[The task] Print, exactly and without pictures, the lines from the one where "Materials: Calacatta Viola marble" appears down to the end of the entries.

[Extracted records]

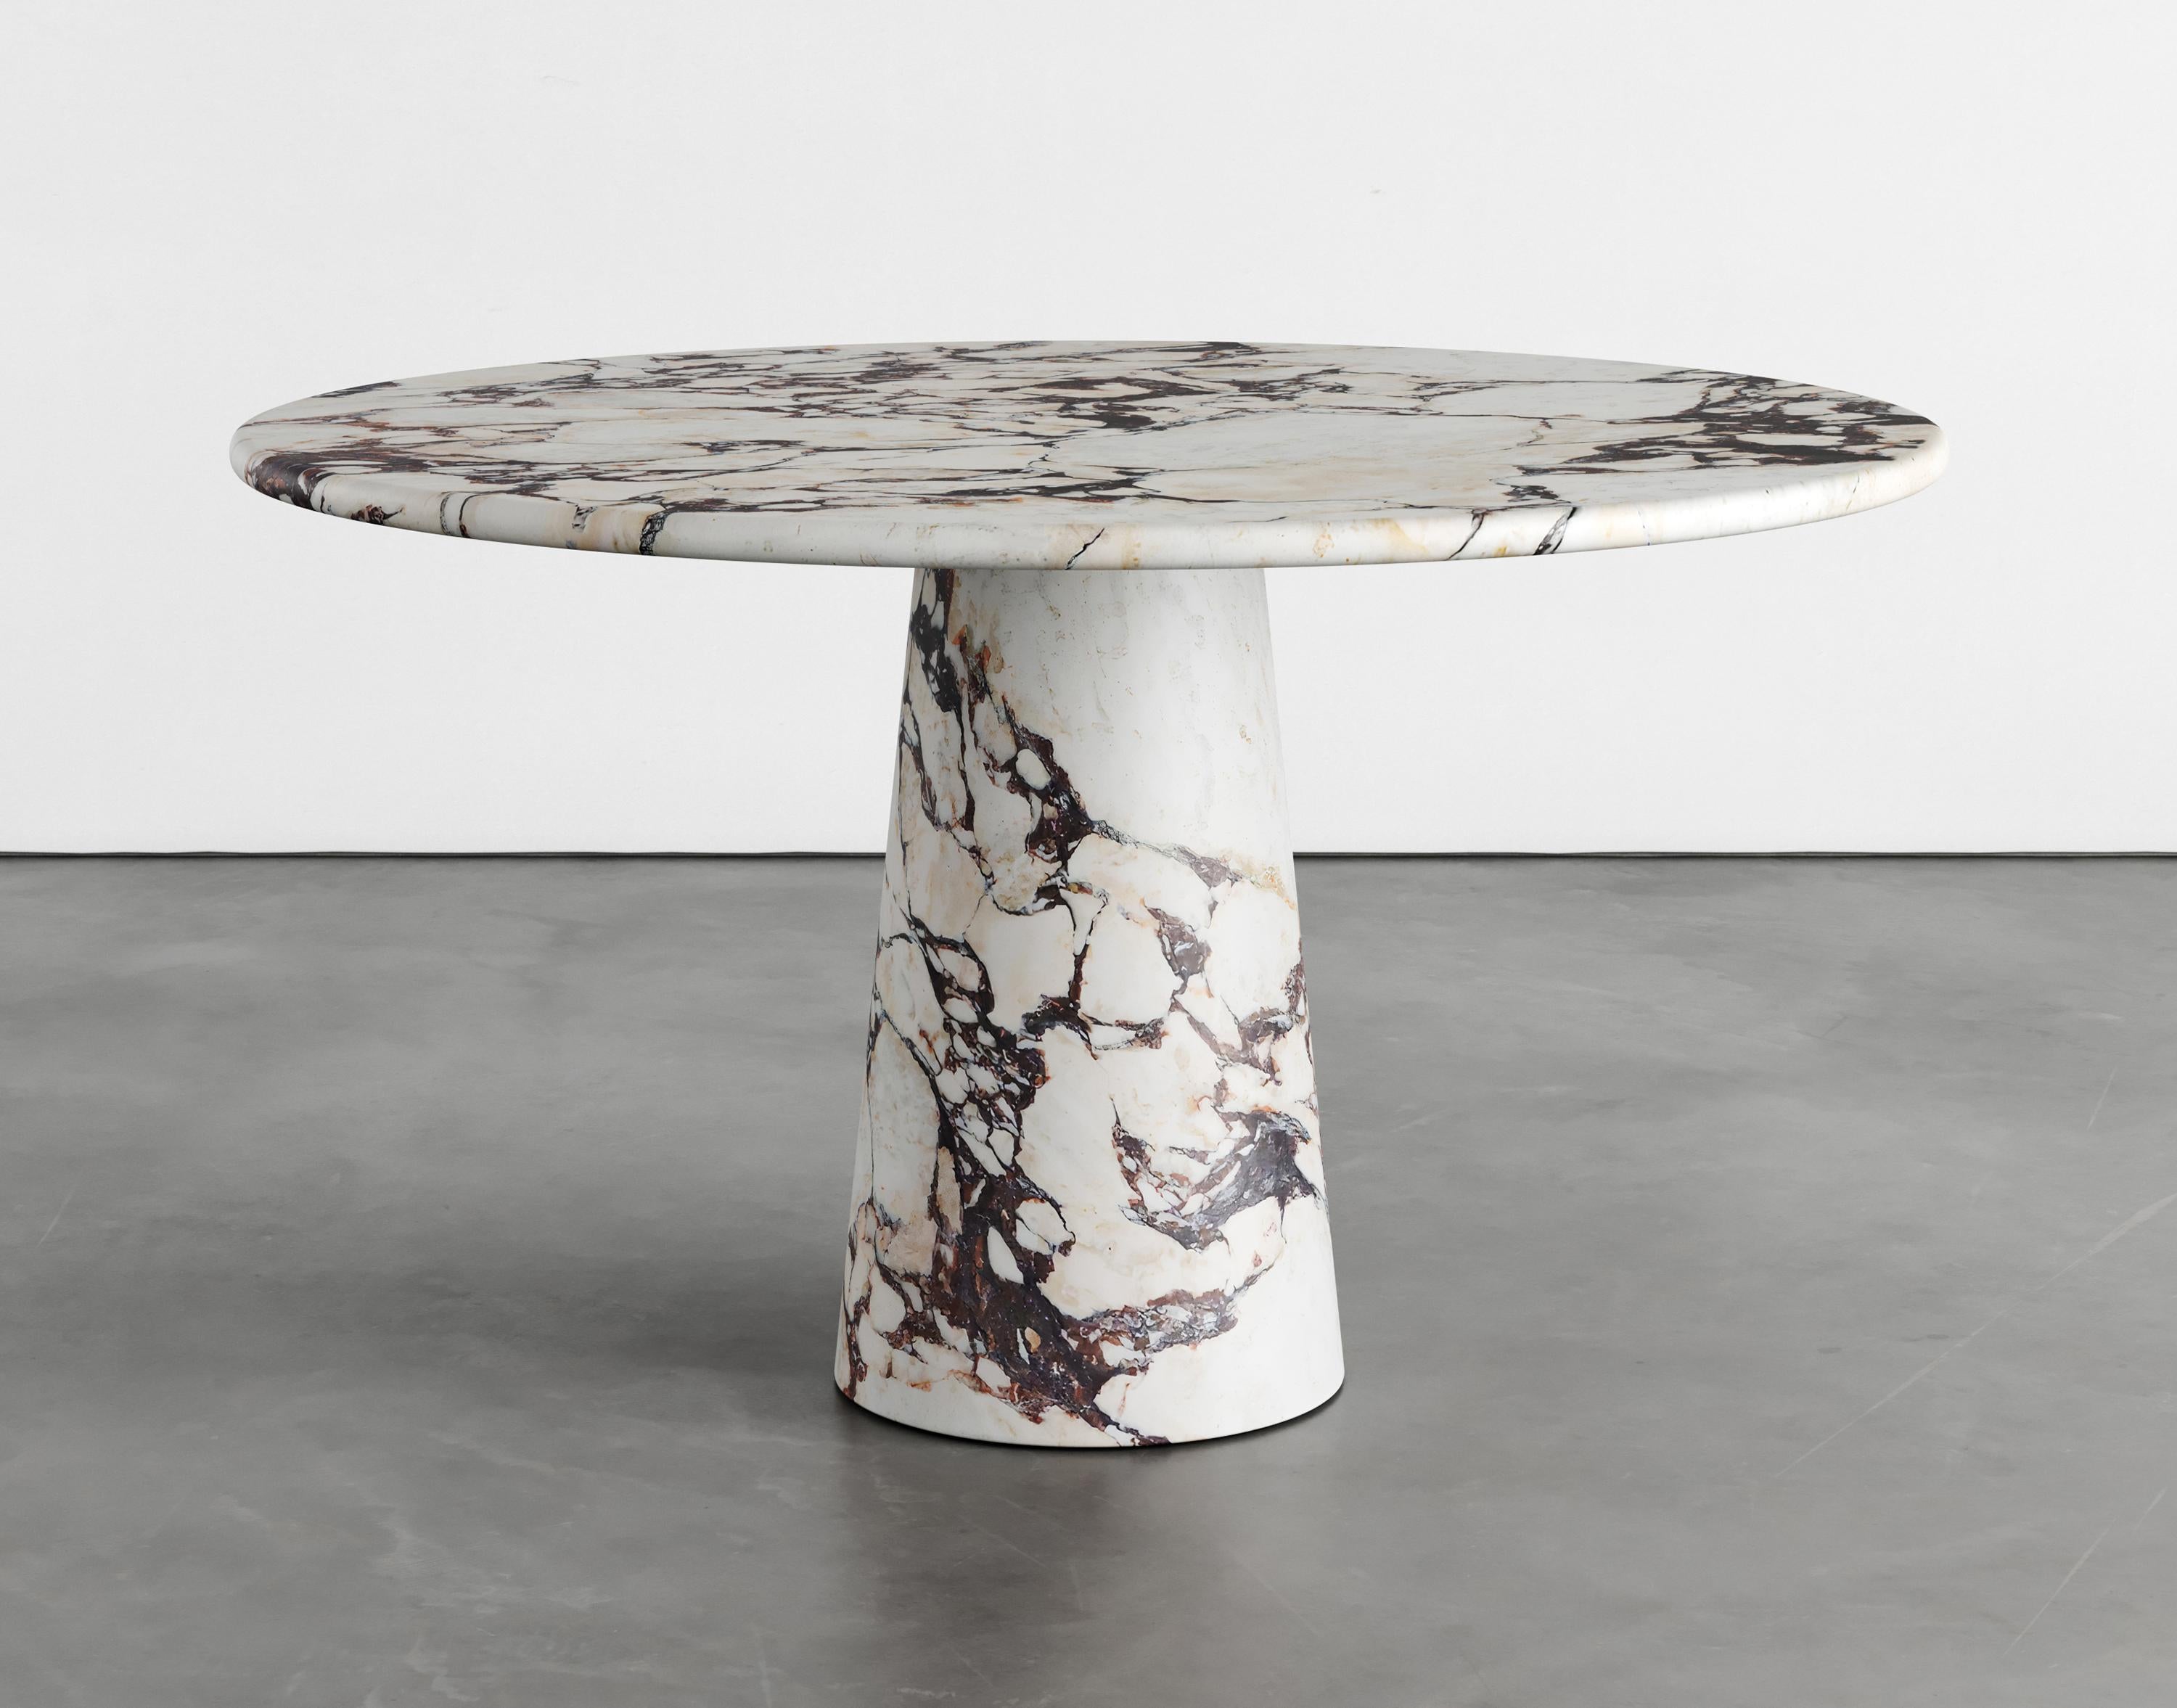 Giulia marble dining table by Agglomerati
Dimensions: D 130 x H 75 cm
Materials: Calacatta Viola marble
Available in other stones.

Giulia Dining Table has a refined, splayed central column. Its simplistic form allows the texture of the stone
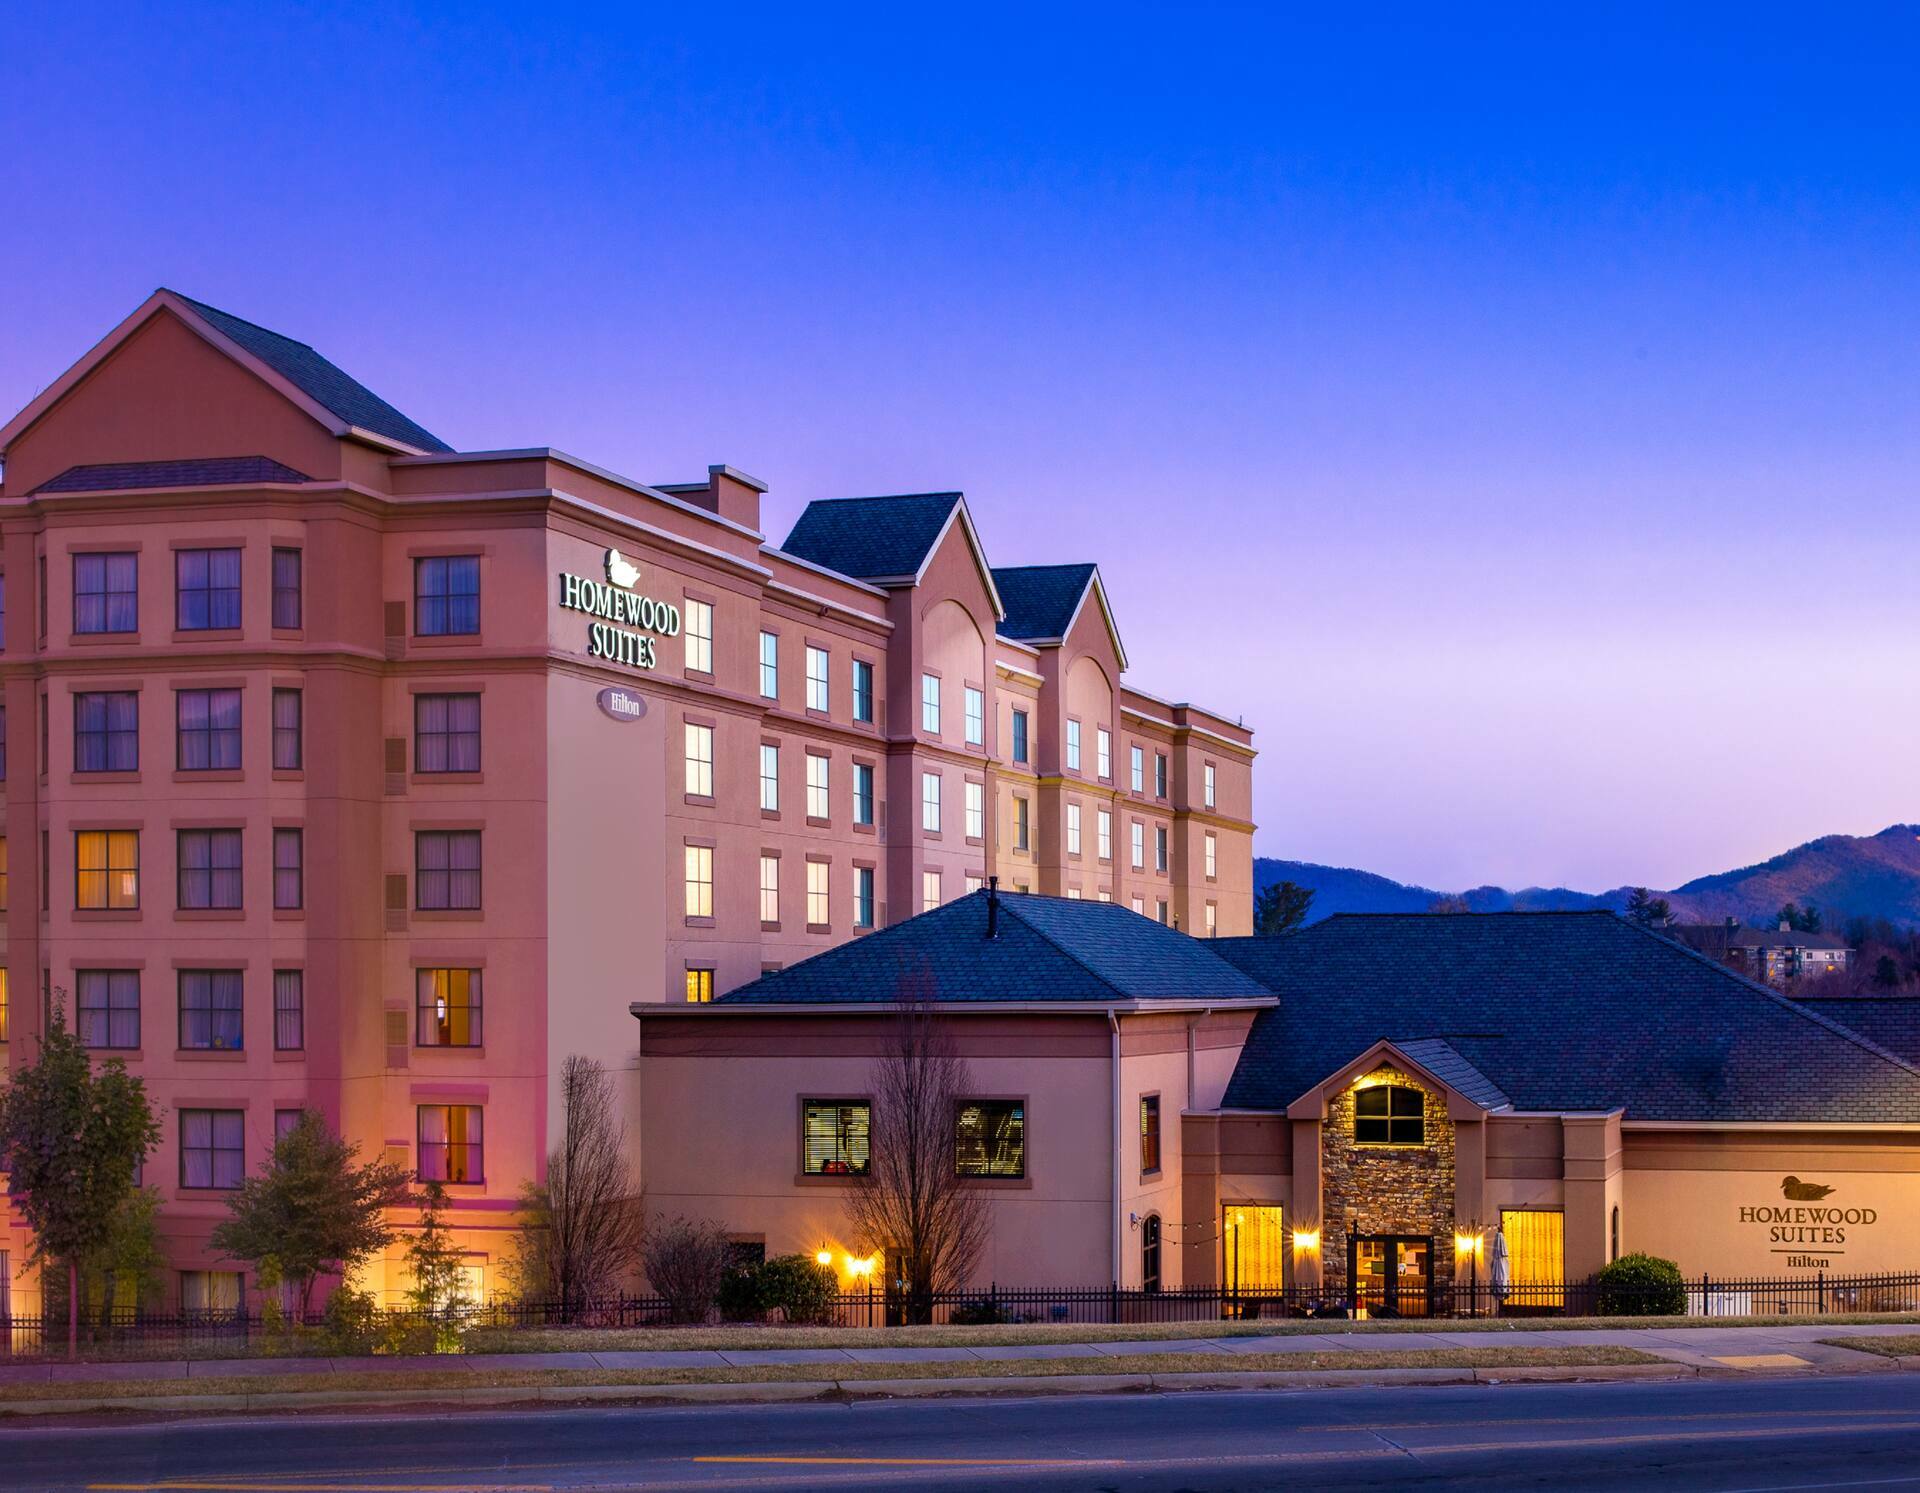 Photo of Homewood Suites by Hilton Asheville-Tunnel Road, Asheville, NC

[Exercise response]
Materials: Calacatta Viola marble
Available in other stones.

Giulia Dining Table has a refined, splayed central column. Its simplistic form allows the texture of the stone
 Photo of Homewood Suites by Hilton Asheville-Tunnel Road, Asheville, NC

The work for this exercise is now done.